--- WHAT YOU NEED TO DO ---
The whole listing is to be given again without alteration, except that its pictures are dropped.

--- MATERIAL PROVIDED ---
BEGIN
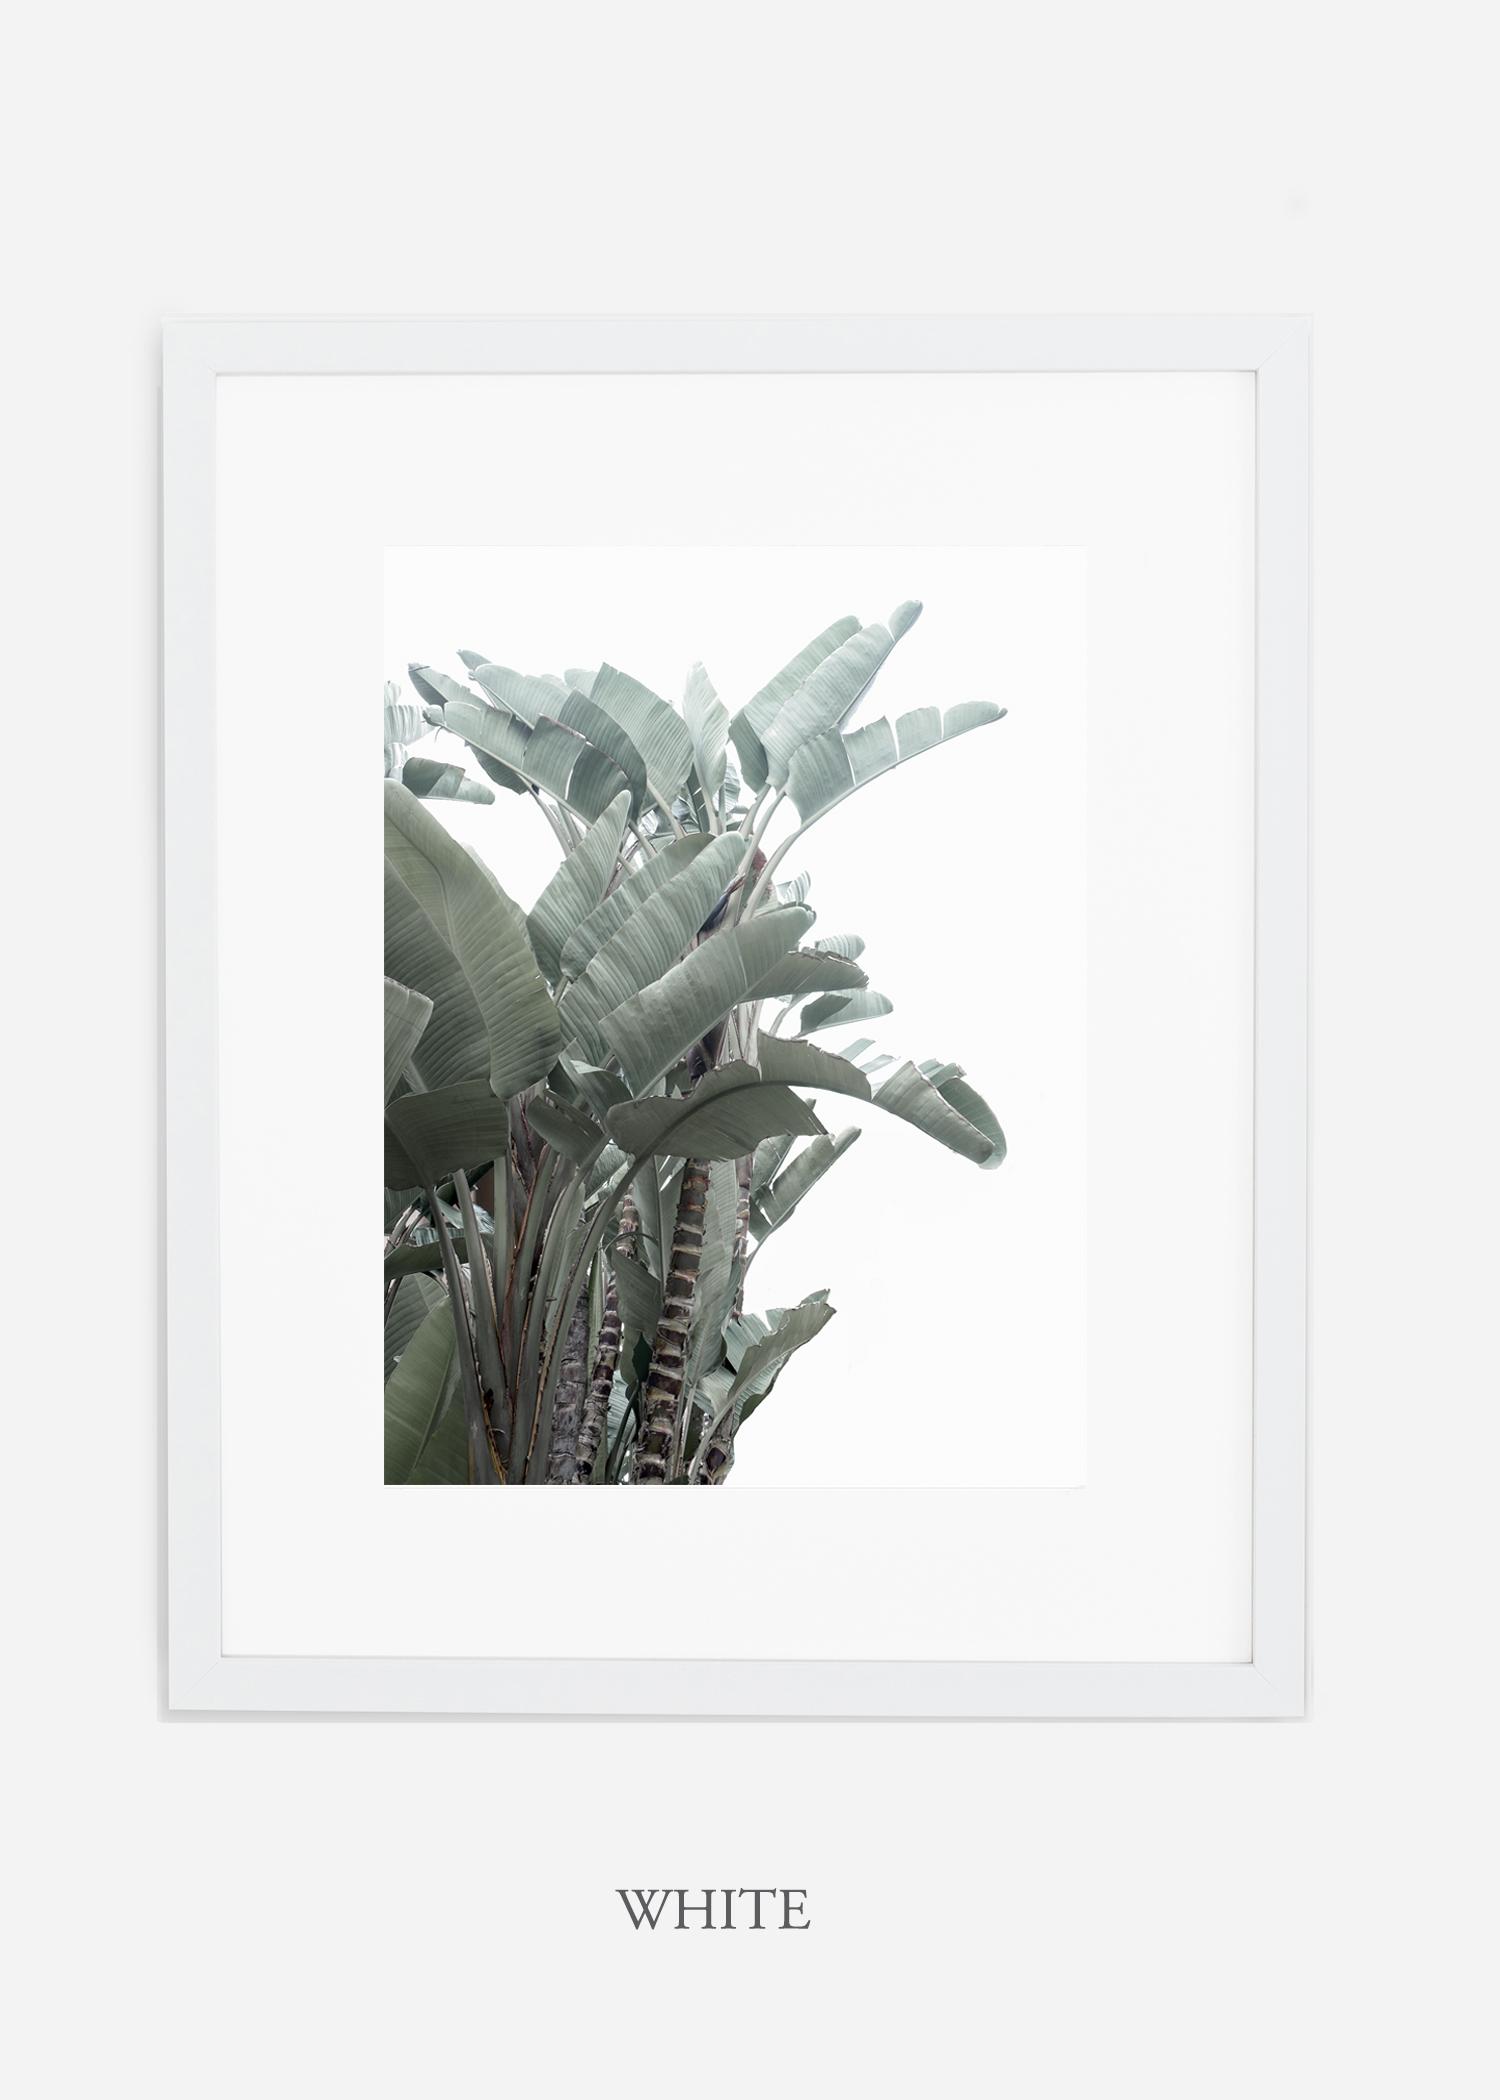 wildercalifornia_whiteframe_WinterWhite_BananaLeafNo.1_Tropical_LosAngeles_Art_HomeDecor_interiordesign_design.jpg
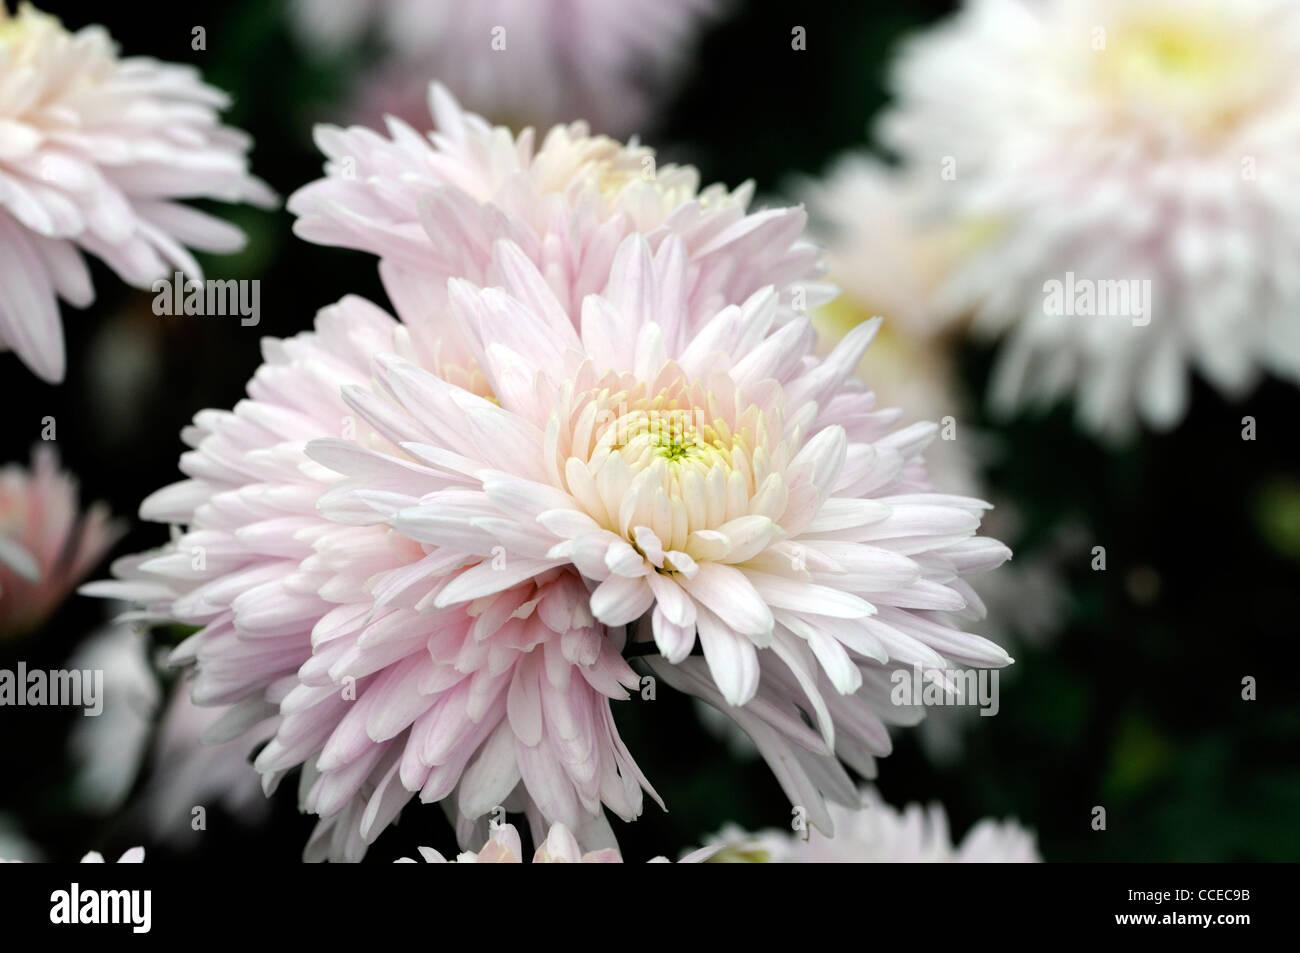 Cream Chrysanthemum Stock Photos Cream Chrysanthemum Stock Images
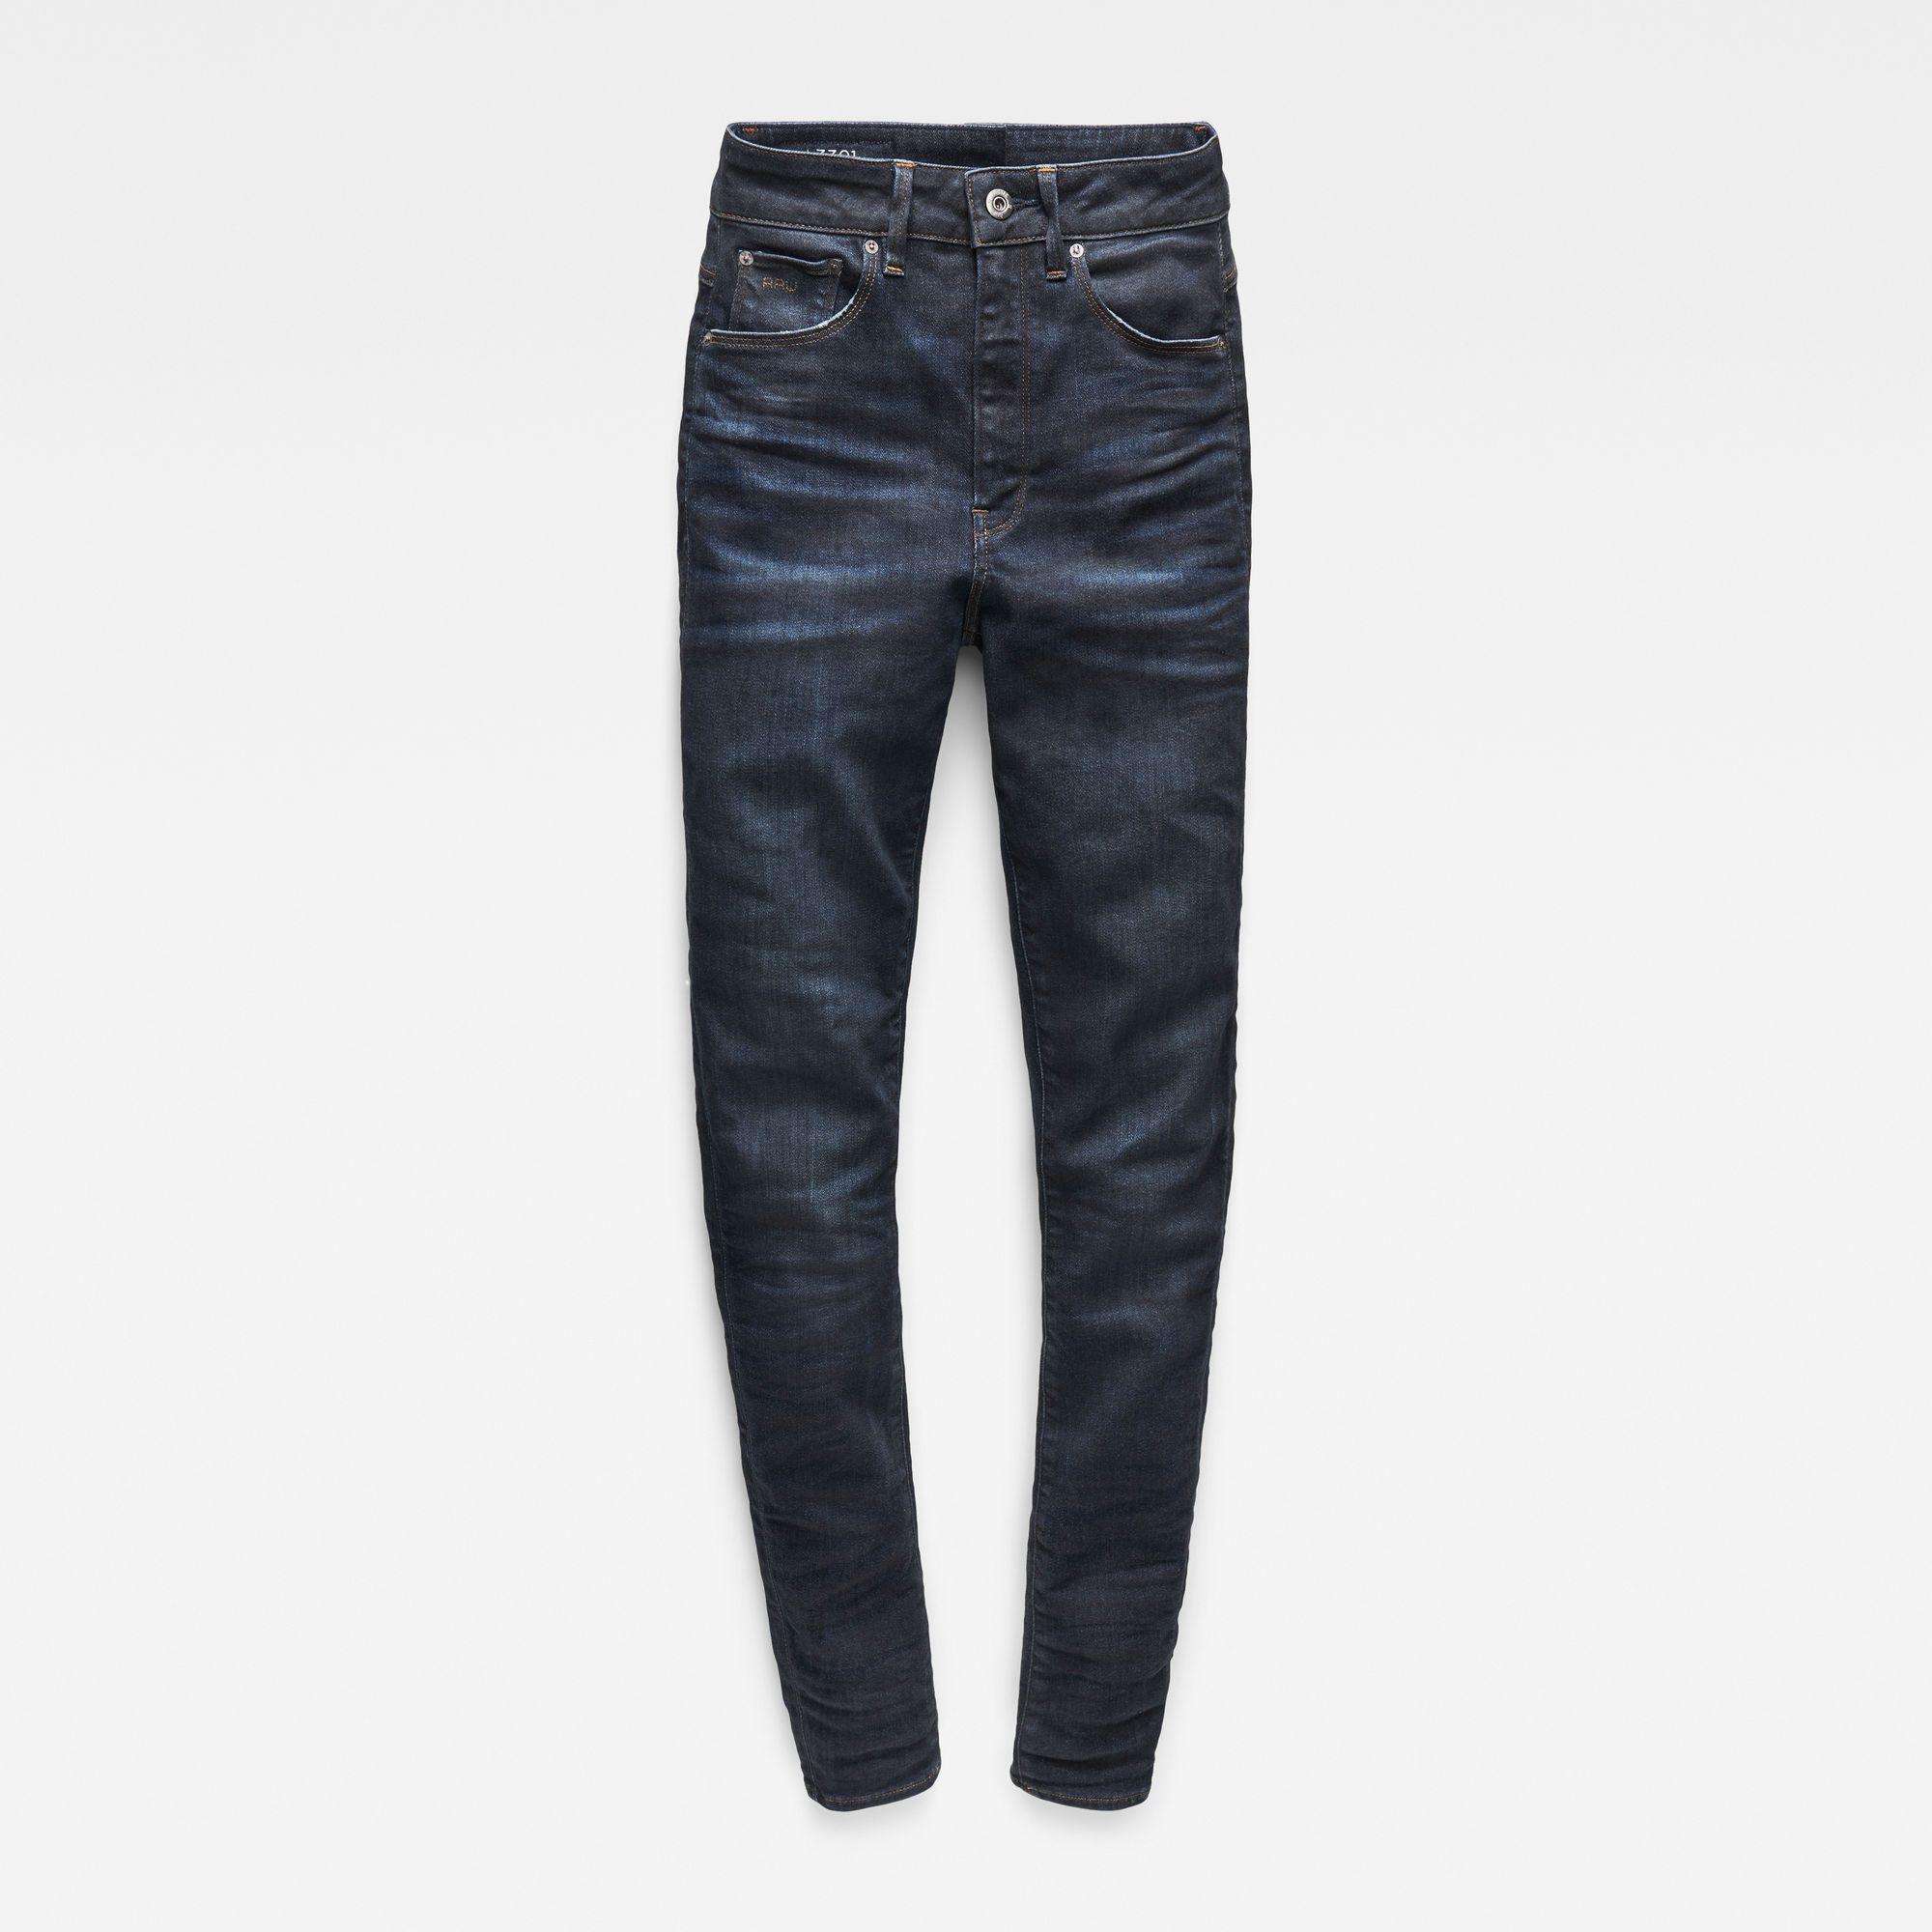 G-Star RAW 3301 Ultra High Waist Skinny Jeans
END
--- WRITTEN ANSWER ---
 wildercalifornia_whiteframe_WinterWhite_BananaLeafNo.1_Tropical_LosAngeles_Art_HomeDecor_interiordesign_design.jpg
 Cream Chrysanthemum Stock Photos Cream Chrysanthemum Stock Images
 G-Star RAW 3301 Ultra High Waist Skinny Jeans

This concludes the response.